Apart from a speech in America to insurance brokers and three days of a failed Conservative leadership bid, Boris Johnson has been relatively quiet since he was ousted from No 10. But at the Cop27 climate summit in Sharm el-Sheikh, Egypt today, the former prime minister tried to spruce up his image by calling for countries to fulfil the promises made a year ago at Cop26 in Glasgow.
Johnson, at a New York Times fringe event, said his ambition was to “incarnate the spirit of Glasgow”. More accurately, it was an attempt to burnish his tainted legacy.

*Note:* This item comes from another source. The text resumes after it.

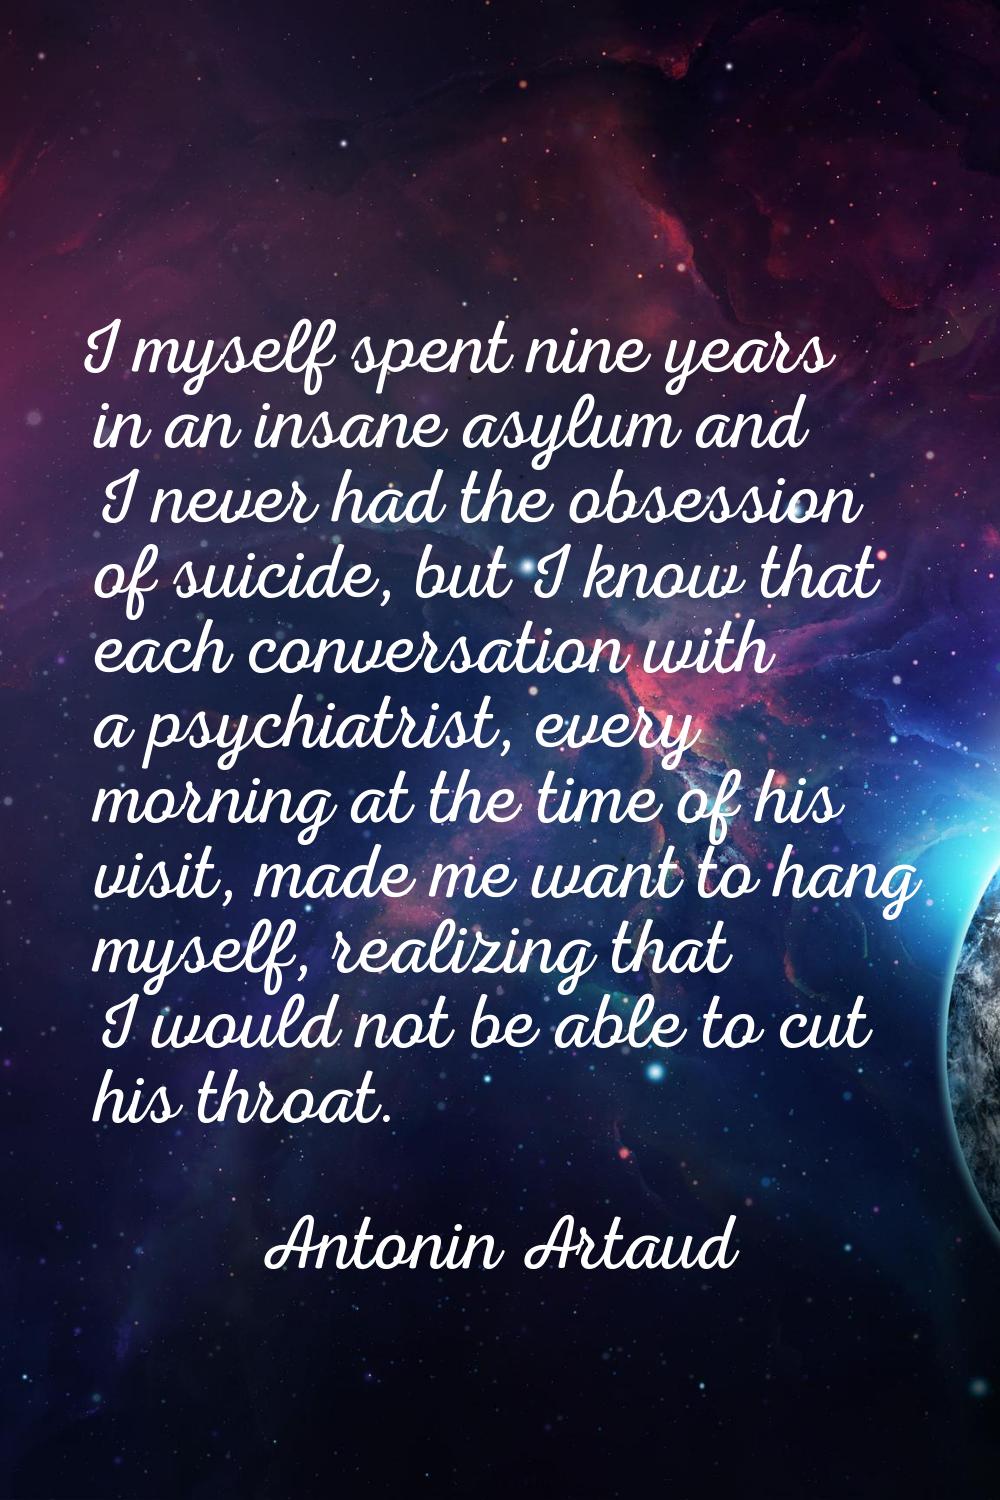 I myself spent nine years in an insane asylum and I never had the obsession of suicide, but I know

He condemned those who want to “frack the hell out of the British countryside” and called for greater government cooperation with the private sector.

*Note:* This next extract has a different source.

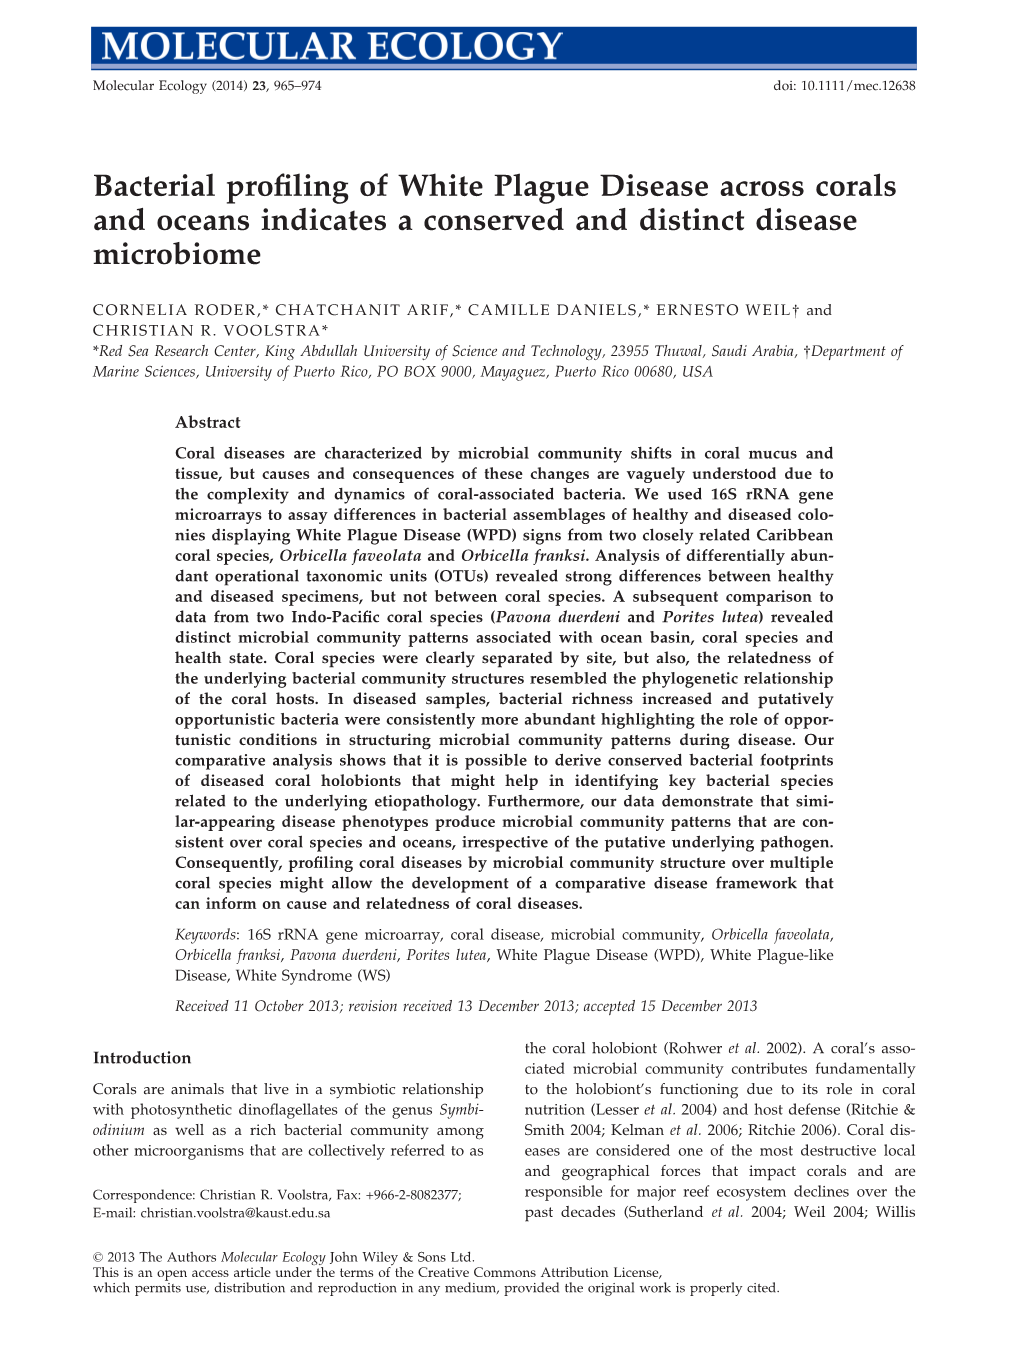 Bacterial Profiling of White Plague Disease Across Corals and Oceans

Johnson chastising his party on energy policy underlined his successor Rishi Sunak’s recent poor decisions. Even though Sunak has reinstated the fracking ban that Liz Truss tried to repeal during her brief time in office, his reputation on climate matters is decidedly mixed – especially given that he initially said he would not attend Cop27. That was not a wise move and the U-turn was inevitable. The UK was central to events this year because it was handing over the Cop presidency to Egypt, and it would not have been good for Sunak to miss a key international event so soon after taking up office (today, for example, he met Emmanuel Macron, the French president, and Ursula von der Leyen, president of the European Commission, for the first time as Prime Minister).
Johnson’s speech also gave him the opportunity to frame his time in office as a high point for climate action by the UK – in contrast with his successors. Ultimately, Johnson’s intervention highlighted how badly the supposedly PR-savvy Sunak had mismanaged the conference.